Здесь, на новом месте, то есть в камере номер 13, с приходом зимы дьявол-мороз дремал, давая нам возможность нормально дышать. Мы поняли, что температура воздуха в разных камерах не одинакова. Еще одним отличием этого чулана от предыдущего являлось то, что под дверью, в том самом месте, где железная решетка делила дверь пополам и уходила в землю, виднелась небольшая щель величиной с чечевичное зерно, через которую можно было видеть сапоги надзирателей.

В один из дней, когда холодная зима была на исходе, ветер издали донес до нас приглушенный голос неизвестного человека, который из самых глубин сердца пел лирическую песню. Это был голос, желавший не просто повествовать, а кричать о большой любви и привязанности к своей супруге, которые он чувствовал в последний момент их расставания. Подобно Фениксу, угодившему в клетку, он пел, чтобы не быть забытым. Нам был знаком и мотив, и слова этой песни. Мы все с упоением слушали ее. Наконец, спустя несколько месяцев, мы услышали голос, хозяин которого пытался остаться в живых. Ветер становился сильнее, а голос Феникса – яснее. Единственной вещью, мешавшей ясно расслышать этот голос, было наше собственное воспаленное дыхание. В тот день надзирателем был человек, которого мы называли «Старый Сержант». Казалось, он тоже влюбился в голос «певчего узника», закрытого в штрафном изоляторе. Его голос повествовал о тоске и одиночестве; он как будто и сам чувствовал, что его пение заворожило всех и заставило прильнуть к дверям ушами. Слушая этот голос, я вспомнила Рахмана. Для него ванная комната всегда была студией прямого эфира. Когда он заходил в ванную, мы все садились за дверью и слушали живые концерты в его исполнении.
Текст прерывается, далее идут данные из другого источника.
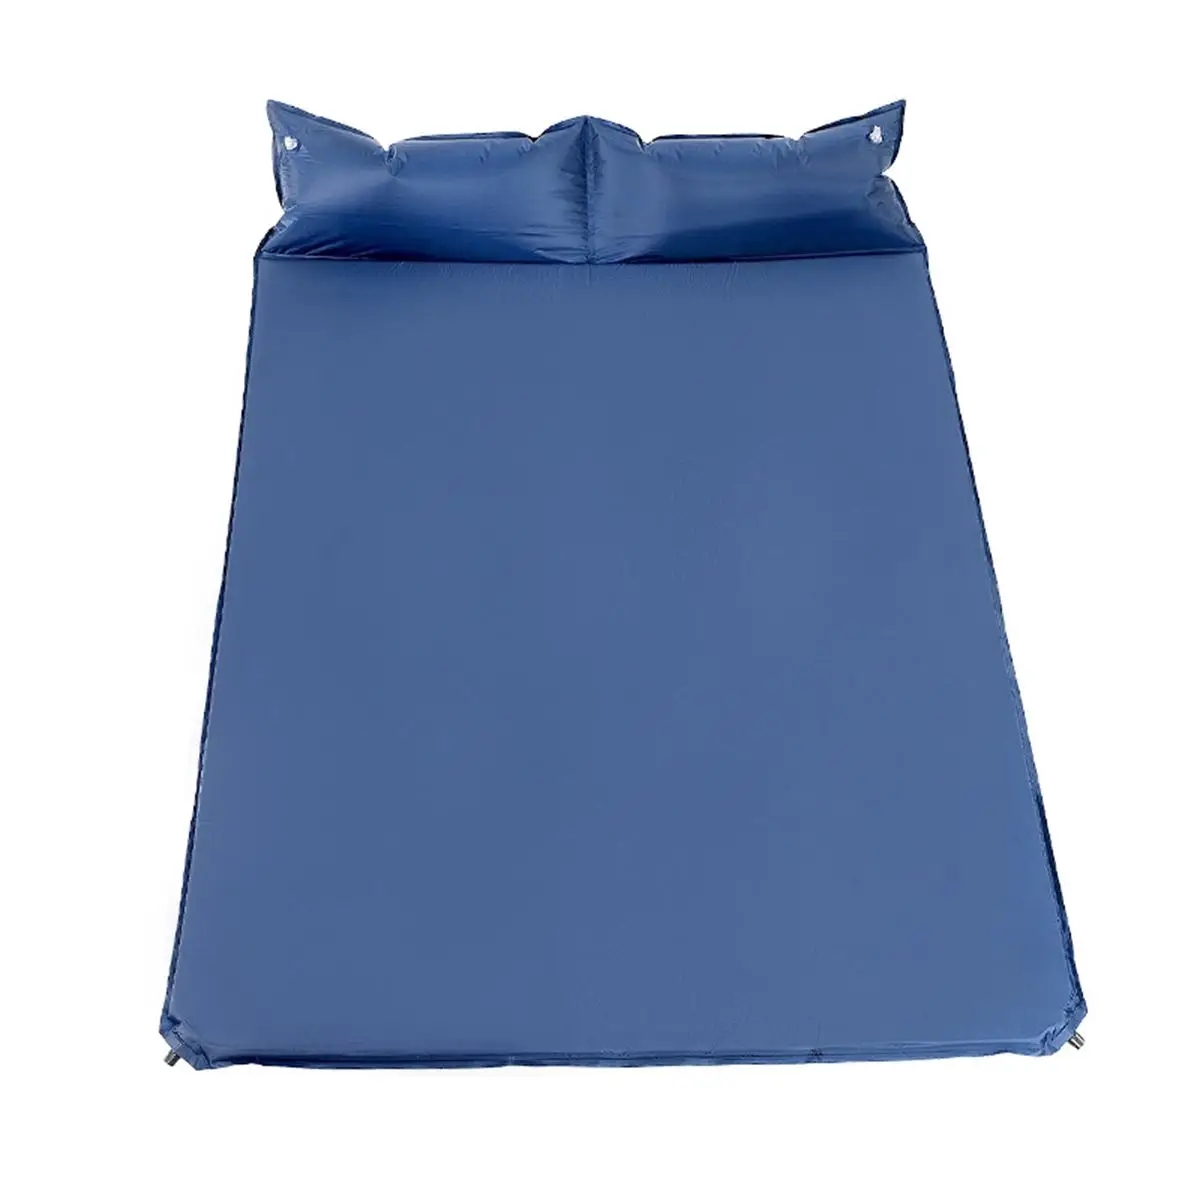 Портативный двойной Самонадувающийся кемпинговый коврик для сна подушка полиэстер влагонепроницаемый походный матрас подушки 190*130*3 см

Внезапно внутри меня проснулось какое-то потерянное чувство. Понемногу песня, которую он пел с комом в горле, перешла в стоны – в душераздирающие стоны, рвущиеся из самых глубин его души. Я не в состоянии была слушать стонов этого мужчины. Видеть мужчину, льющего слезы, было для меня самым жалким зрелищем в моей жизни. Я всегда думала, что у мужчин нет слезных желез, поэтому их глаза никогда не бывают мокрыми. Никогда в жизни мне не приходилось слышать нытье мужчины. Никогда за всю свою жизнь я не видела плачущим своего отца. Даже в те моменты, когда мои братья боролись друг с другом, а я становилась судьей, лишь я одна начинала хныкать уже перед финальным свистком, жалея проигравшего. Я всегда думала, что гордость и честь являются большей силой, чем чувства, однако горькая действительность неволи и цепей заставляет плакать даже мужчину.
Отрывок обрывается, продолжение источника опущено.